Transcribe the listing below in full, exactly, with no images.

» Dataset content:
---
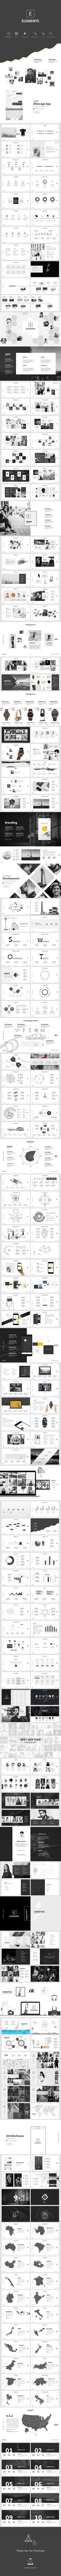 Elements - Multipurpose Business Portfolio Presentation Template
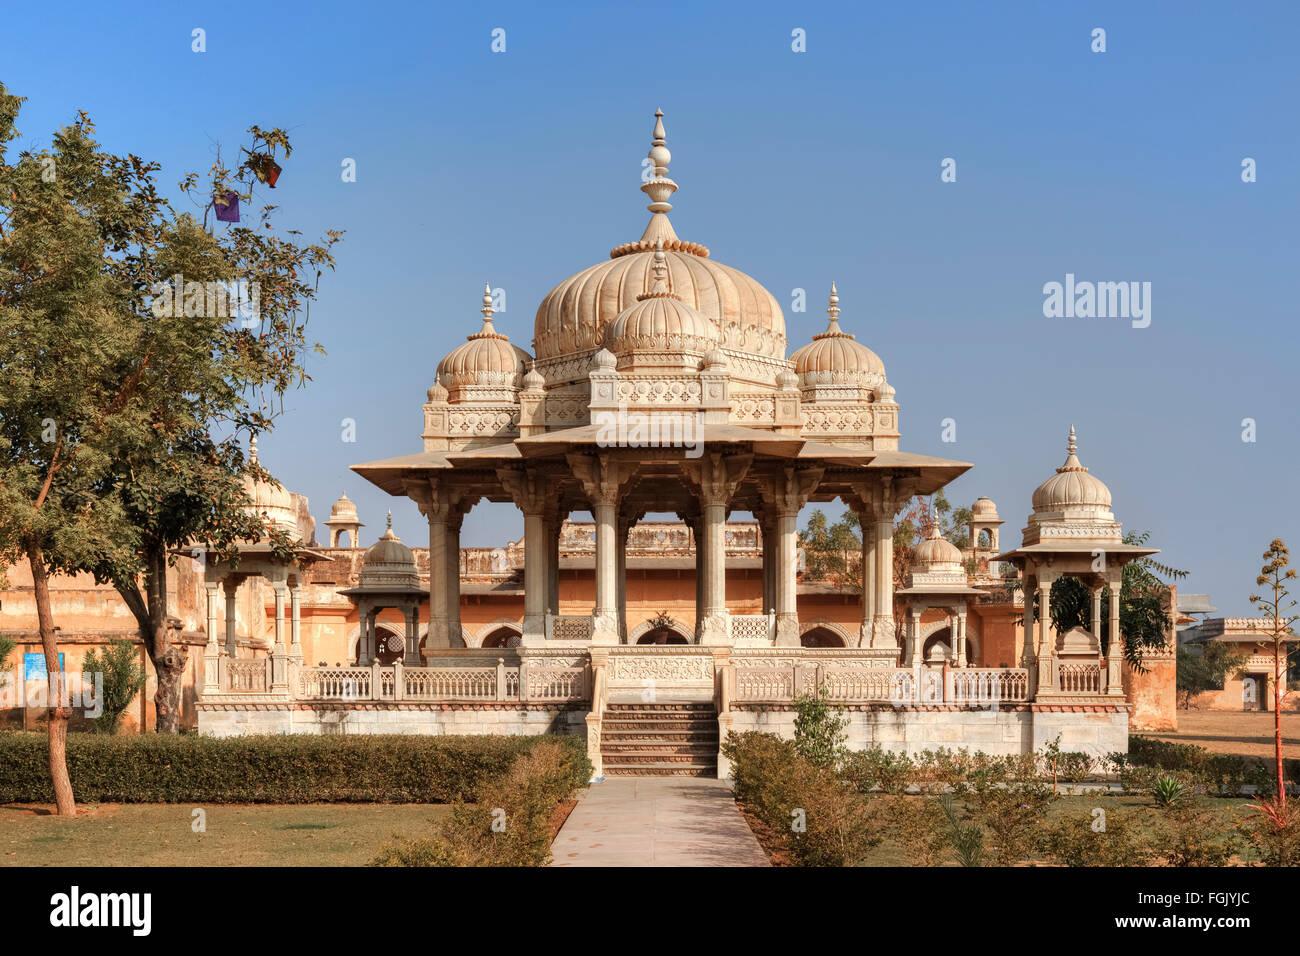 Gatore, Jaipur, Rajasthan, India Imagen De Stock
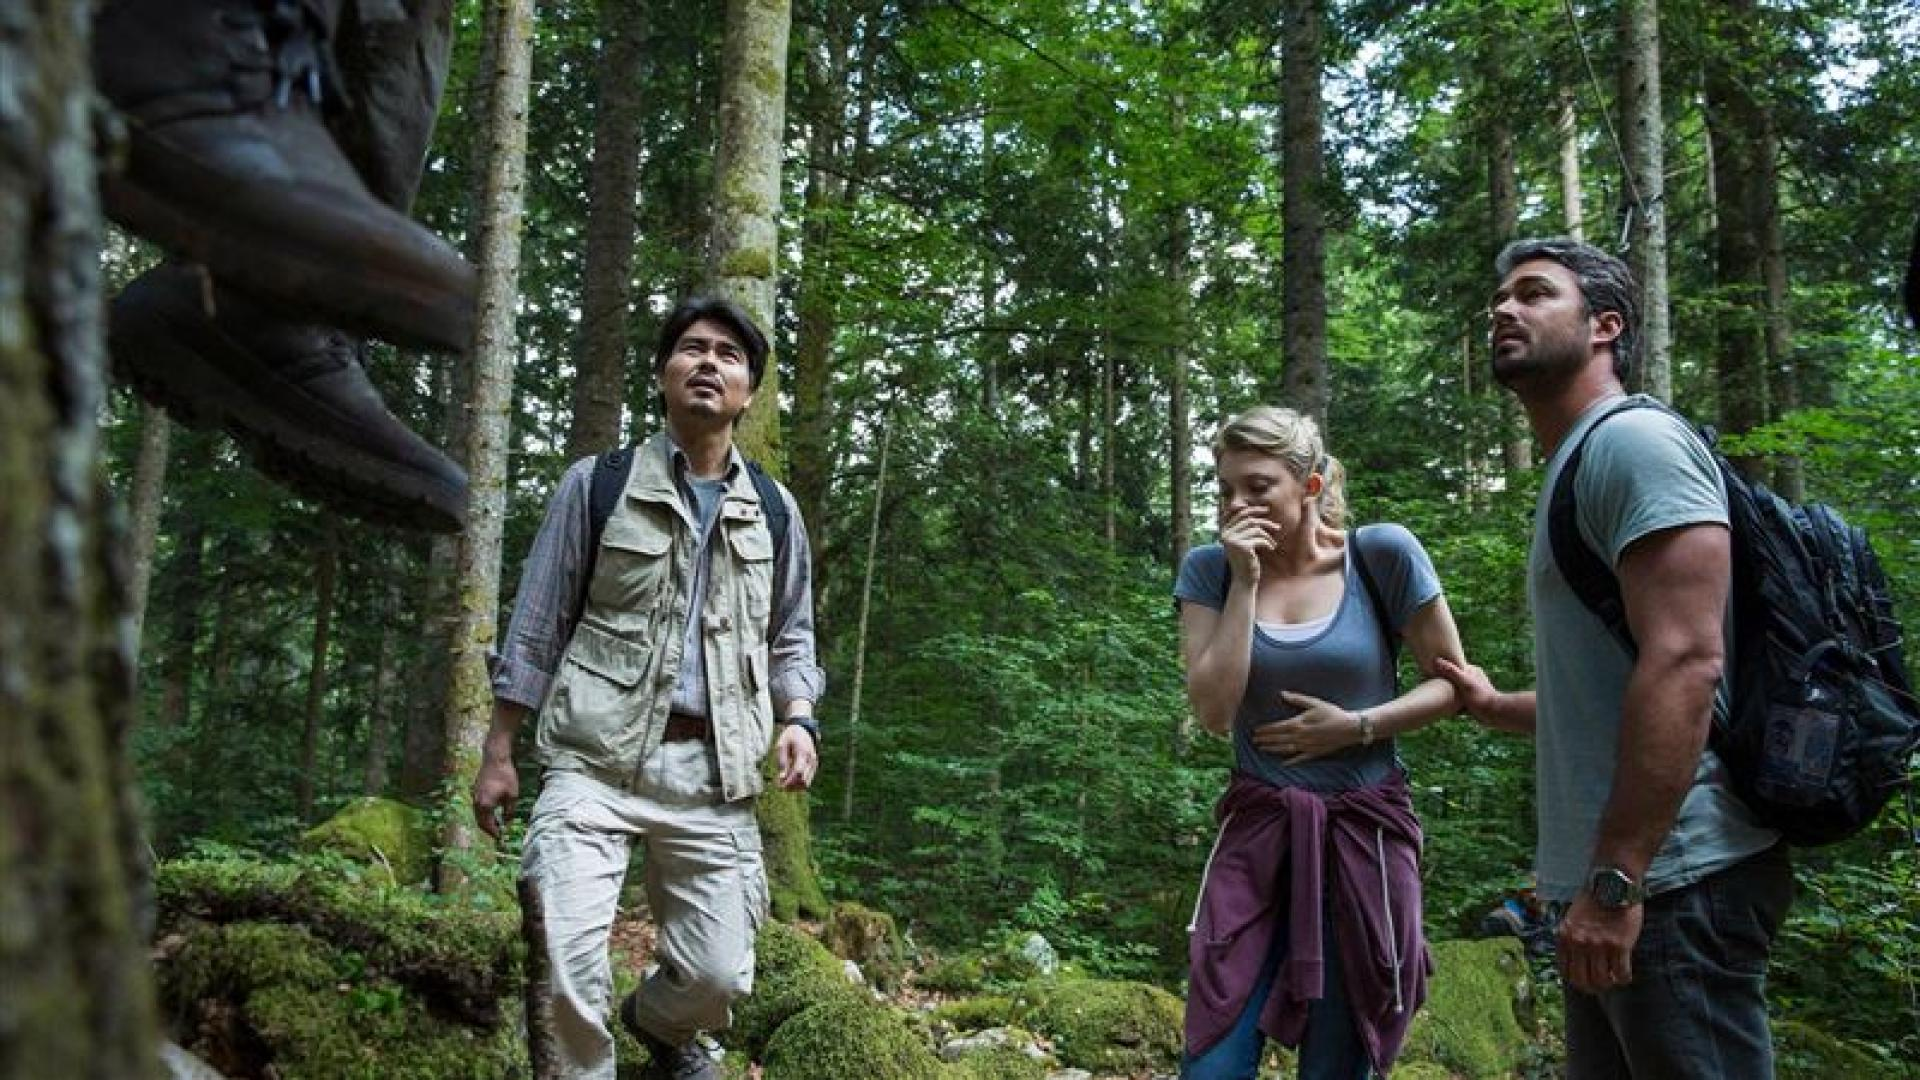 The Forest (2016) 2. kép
---
» Written solution:
 Elements - Multipurpose Business Portfolio Presentation Template
 Gatore, Jaipur, Rajasthan, India Imagen De Stock
 The Forest (2016) 2. kép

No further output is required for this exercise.